Oh. My. God.I think I might be a horrible girlfriend. I love my boy, don't get me wrong. But...
(You knew there was a "but" in there)
S started talking to me online tonight. Which is fine, we're friends, who used to fuck. A lot. And it would all be fine...
Until I got the invite to come over. We used to live not even a block from each other when I lived at my old place. So he was bummed that I wasn't there any more. He said he could use some company this week since his roommate is gone.
And the bad part is I thought about it.
Mentally smack me upside the head right now. I can take it. And I deserve it.
Yes, in theory I could go over there and we could just hang out and do our friend thing that we do so well. But....
....You never know.
And it doesn't help that I'm horny as HELL.
I NEED TO HAVE SEX.
I'm usually not a sex machine at all, but damn. The Boy and I haven't had sex since around noon on Saturday. And it was a quickie before we went to a wedding.
What am I thinking? I love the Boy. I really do. I love being with him, I love everything about us. It just happens like this though. We're having a rough spot because of the whole me moving thing, and school starting, and he got fired from his job so he's trying to start up his own IBO thing. And what happens, S just comes flying right back into the picture.
I can't fall for it. I love the Boy way too much to screw it up.
And he just asked me how my love life was going.
I'm so worried I'm going to screw up what I have with the Boy. It's the first really great relationship I've ever had. The first functional one, and it's just, it's too good. I've been waiting for something to screw it up, mainly because that's what typically happens to me.

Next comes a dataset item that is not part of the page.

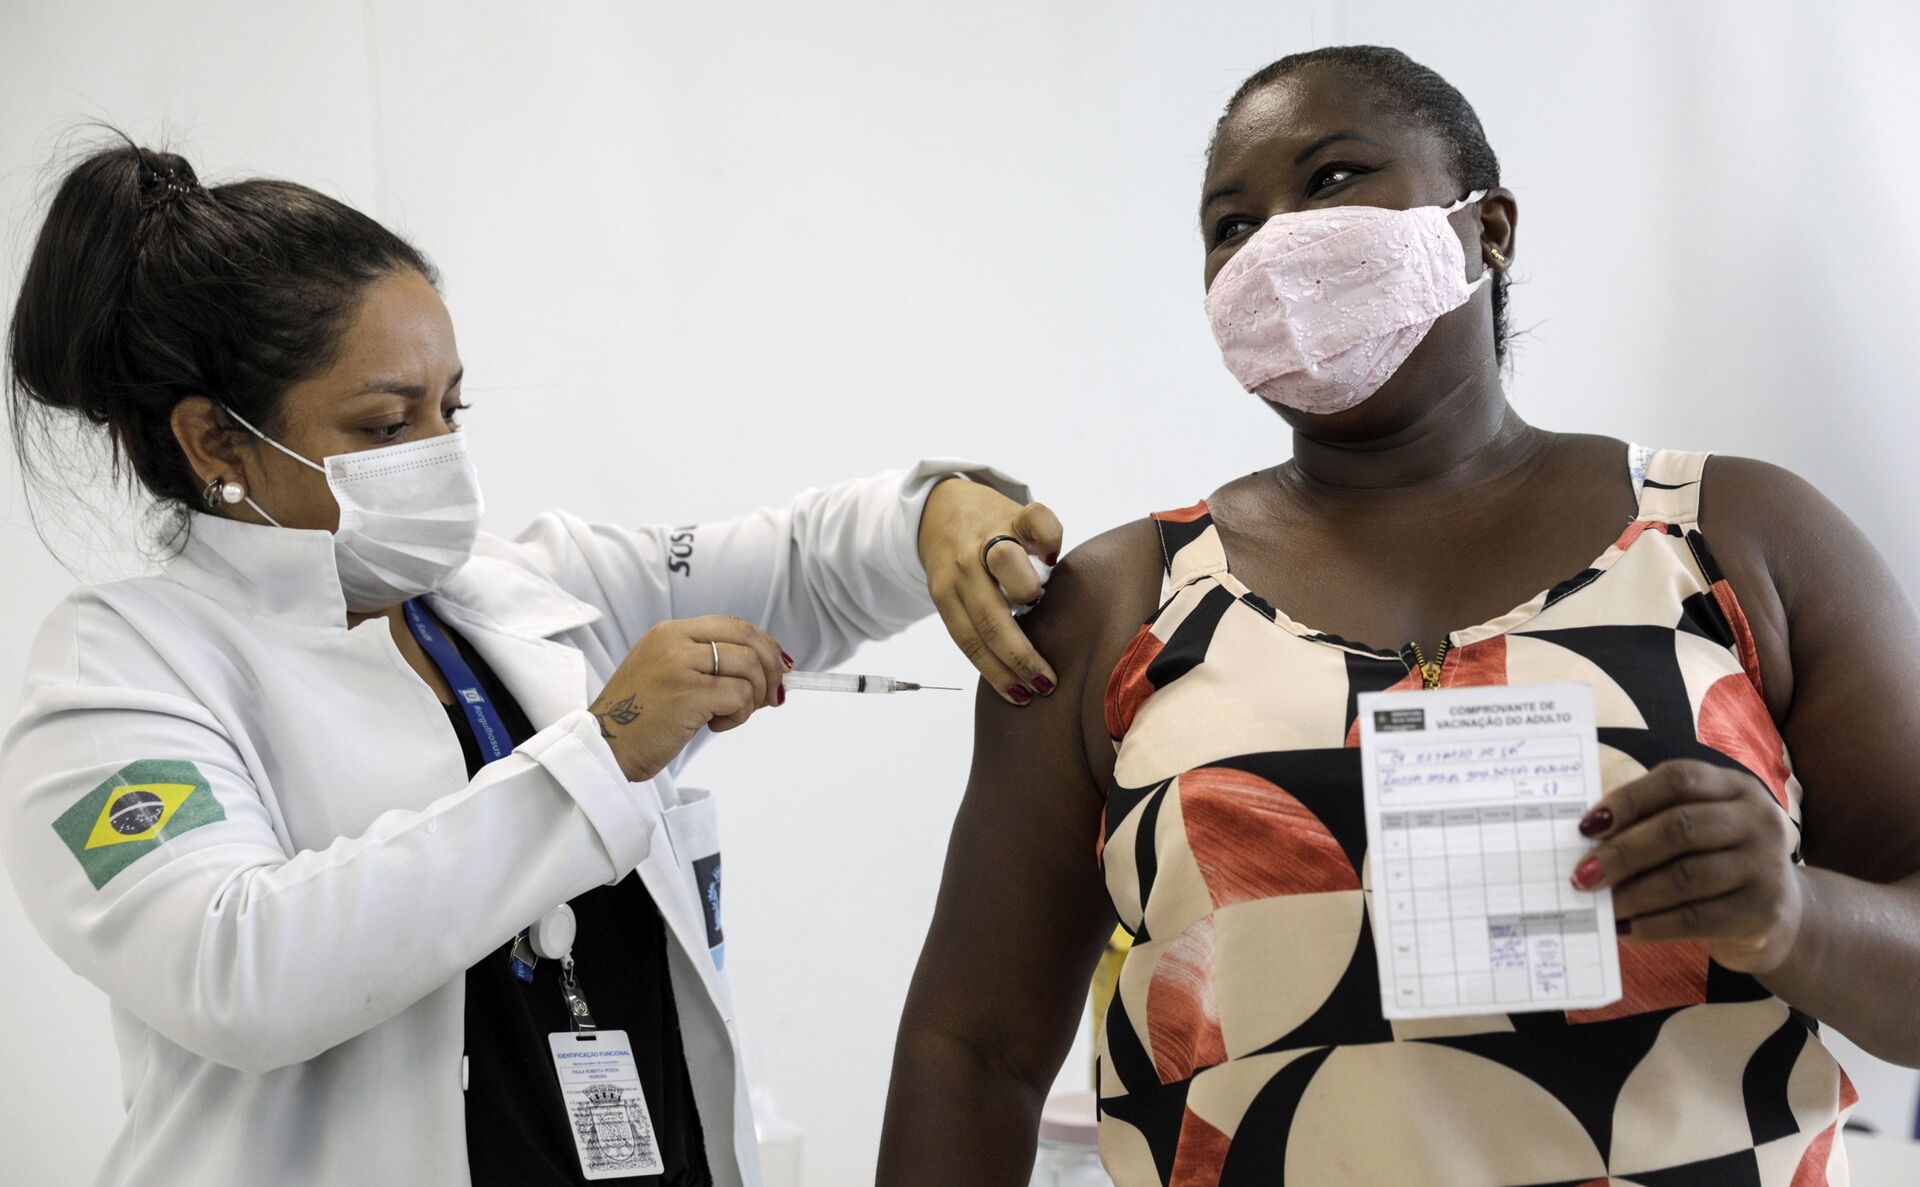 'Incompetência do governo' é o maior entrave da vacinação no Brasil, dizem profissionais de saúde - Sputnik Brasil, 1920, 17.02.2021

I can't think that way. I have a great boyfriend and things will be amazing.
Sigh.
1 commento:
Don't do it. Don't do it. Don't do it. That happened to me once. A guy I used to "be" with started texting me while he was at the bar and the next thing I know he's showing up at my door at 11:30pm to - hang out. Yeah, we didn't go through with IT but there was so much going on there. I still hate that I did that. I was just starting to date someone I liked--I hate that I ever did that.